Abstract:  Tomato is one of the most important horticultural crops, and China is the largest producer of tomato in the world. In recent years, the tomato industry is facing increasingly severe pest threats including the traditional important pests (Bemisi tabaci, Frankliniella occidentalis and Helicoverpa armigera) and the newly emerged invasive pest Tuta absoluta. Elucidating the defensive mechanism of tomato especially wild tomato germplasm resource, which has significantly higher resistance to pests, can provide important genetic resources for breeding process of insect-resistant tomato varieties. Meanwhile, the key insect-resistant metabolites of tomato can also offer valuable insights into the development of new safer and more eco-friendly botanical pesticides. In this article, we summarized the interactions between tomato pests and host plants like tomato across multiple levels of insect resistance mechanisms in plants.

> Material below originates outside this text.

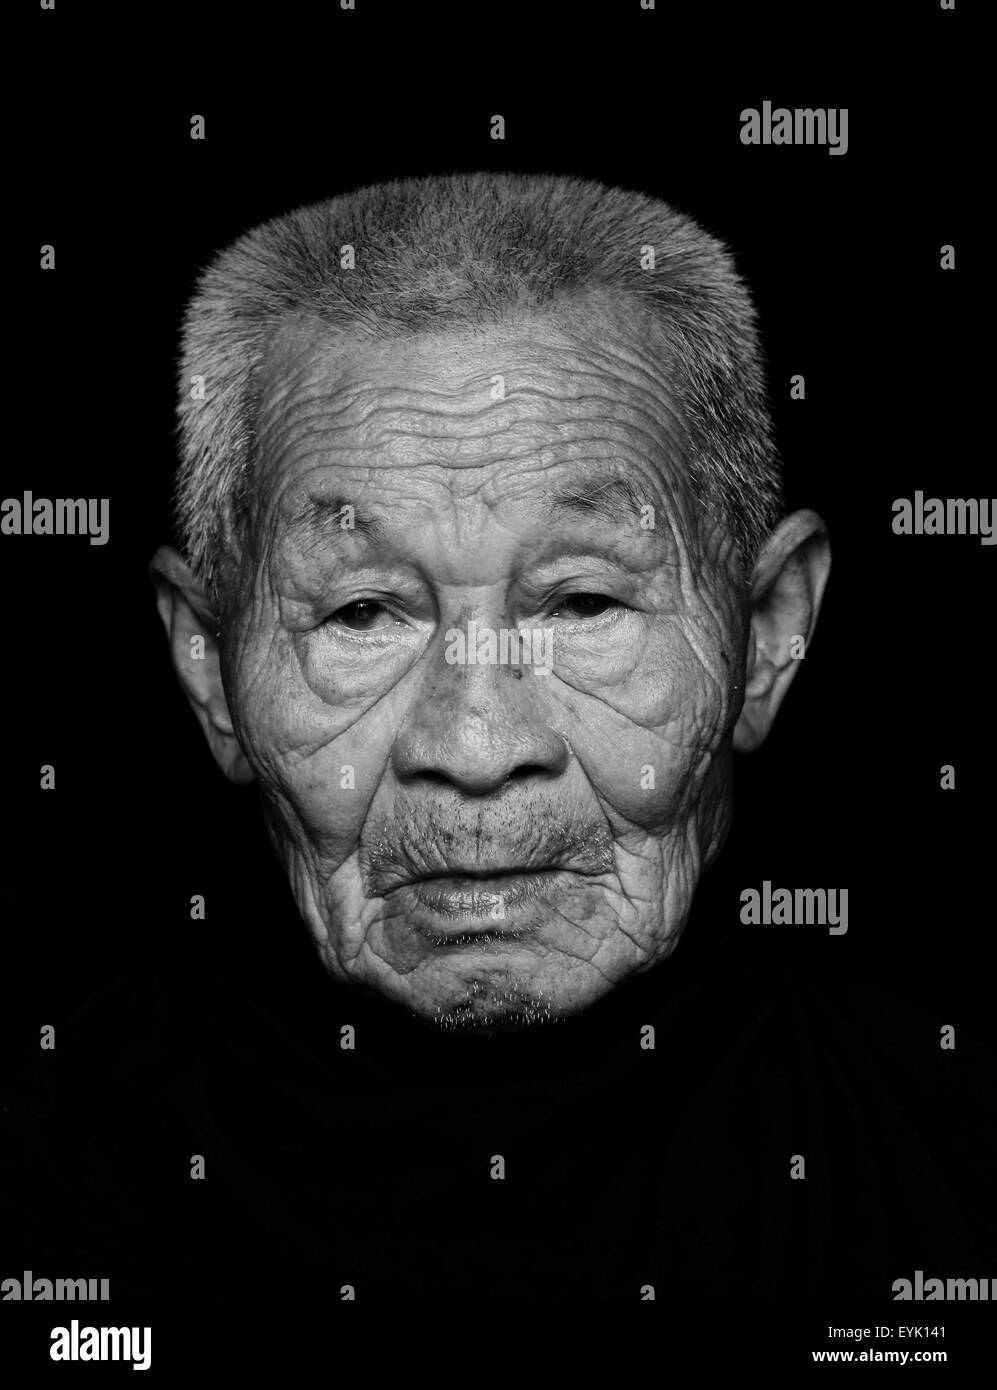 May 24, 2015 - CHN - CHINA - May 24 2015: (EDITORIAL USE ONLY. CHINA OUT)(MINIMUM PRICE: 100 USD) Liu Deqin: Male, born in 1924 and now lives in Maomingguangdong. He was caught for conscription and sent to 3rd Battlion 453rd Regiment 151st Division 62nd Corp National Revolutional Army. They had a fierce combat with Japanese army in Hengyang Hunan in 1941, it lasted from 4th May to 13th September, and 10th Corp defended the inside city, 62th Corp stationed outside the city. When 10th Corp was surrounded by enemies, 453rd Regiment was surrounded by Japanese for 3 days in Hengyang Santang, and no Stock Photo

Key topics include: (1) the recognition of saliva proteins from piercing-sucking and chewing insects by tomatoes and its impact on anti-insect immunity; (2) the signal transduction networks of insect resistance and the regulatory mechanisms of core defense-related transcription factors in tomato; (3) structural and metabolic bases of insect resistance in plants, such as trichomes, acylsugars, phenolamides, steroidal alkaloids, and volatile compounds, which respond to pest attacks and confer insect resistance through molecular and ecological pathways. Future research should leverage emerging technologies like single-cell transcriptomics and spatial transcriptomics, combined with gene editing and genetic manipulation tools, to further clarify the signaling pathways of insect resistance and the synthesis and regulation of defense compounds in tomato. These efforts will deepen our understanding of plant-insect interactions and lay a theoretical foundation for breeding high-yield, insect-resistant tomato varieties.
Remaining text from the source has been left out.